International career
- 1990: Yugoslavia / 1 / (0)

= Vlada Stošić =

Serbian retired footballer (born 1965)

Vlada Stošić (Влада Стошић; born 31 January 1965) is a Serbian former professional footballer who played as a midfielder.

He is best known for his spell with Red Star Belgrade in the 1980s and 1990s, being part of the side's European Cup victory in 1991.

==Club career==
Stošić was born in Vranje, Socialist Federal Republic of Yugoslavia. During his early career he represented Red Star Belgrade, who also loaned him to FK Rad, FK Radnicki Nis and a club in Australia. In Red Star's 1990–91 victorious campaign in the European Cup, he played the last minutes of the final match, which went into extra time as the team emerged victorious over Olympique de Marseille after a penalty shootout.

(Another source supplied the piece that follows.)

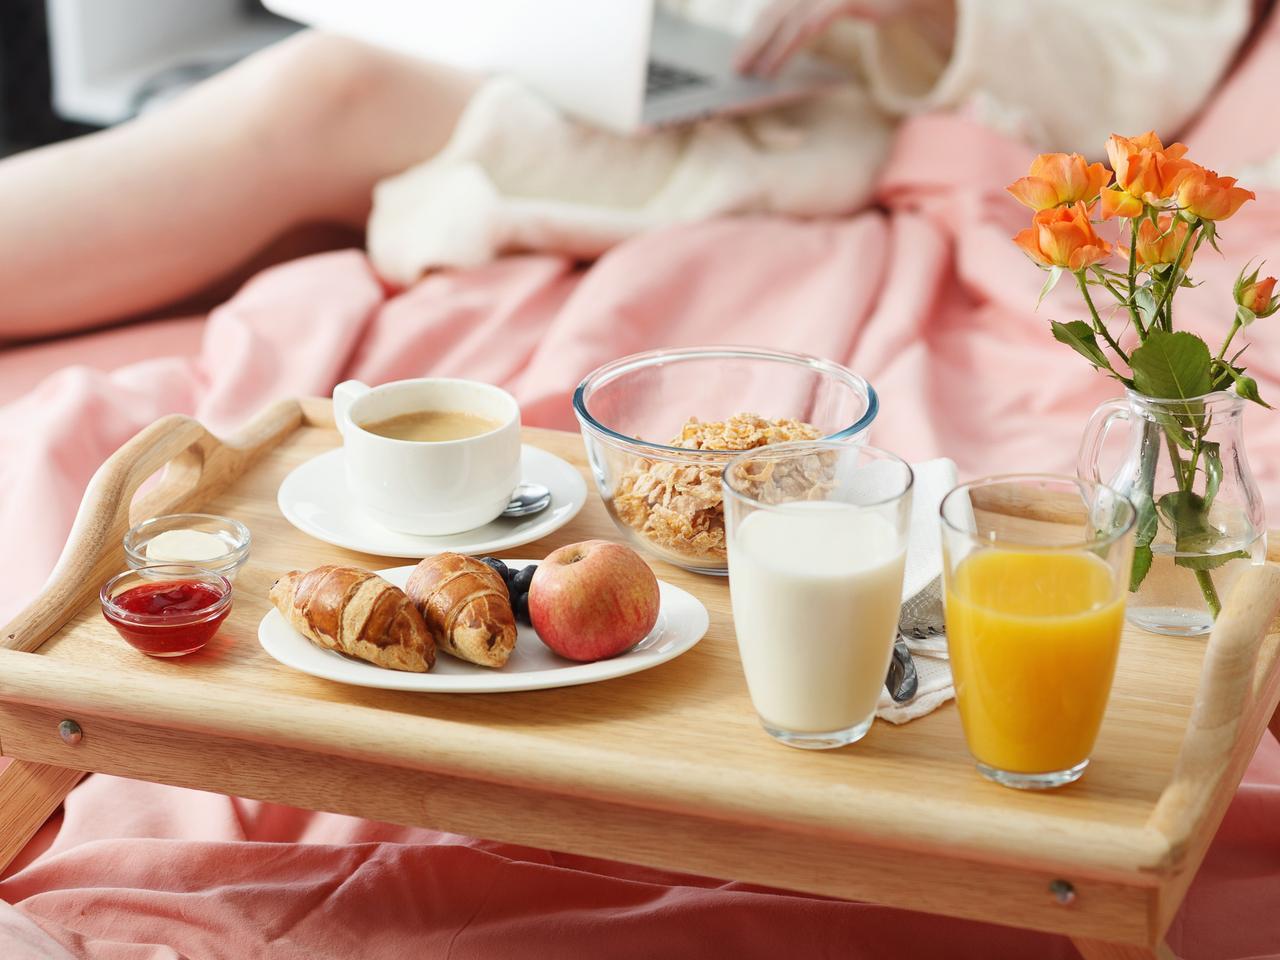 Breakfast served in bed

Stošić played in the last edition of the Yugoslavian League before he left for Spain in January 1992, where he proceeded to be an undisputed starter for both RCD Mallorca and Real Betis, although he was relegated in his debut season with the former. After failing to feature in the first half of 1996–97 with the latter, he moved to Mexico with Atlante FC, where he teamed up with former Red Star teammate Miodrag Belodedici; he closed out his career the ensuing summer at the age of 33, with Portugal's Vitória de Setúbal.

Stošić returned to Betis in 2010, working with the Andalusians as director of football. He was relieved of his duties on 22 December 2013, shortly after manager Pepe Mel, due to poor results.

==International career==
On 12 September 1990, Stošić earned his sole cap for Yugoslavia, in Belfast against Northern Ireland: it consisted of one minute, as he came on as a substitute for Dragan Stojković in a 2–0 win for the UEFA Euro 1992 qualifiers, with the nation winning its group but not being allowed to participate.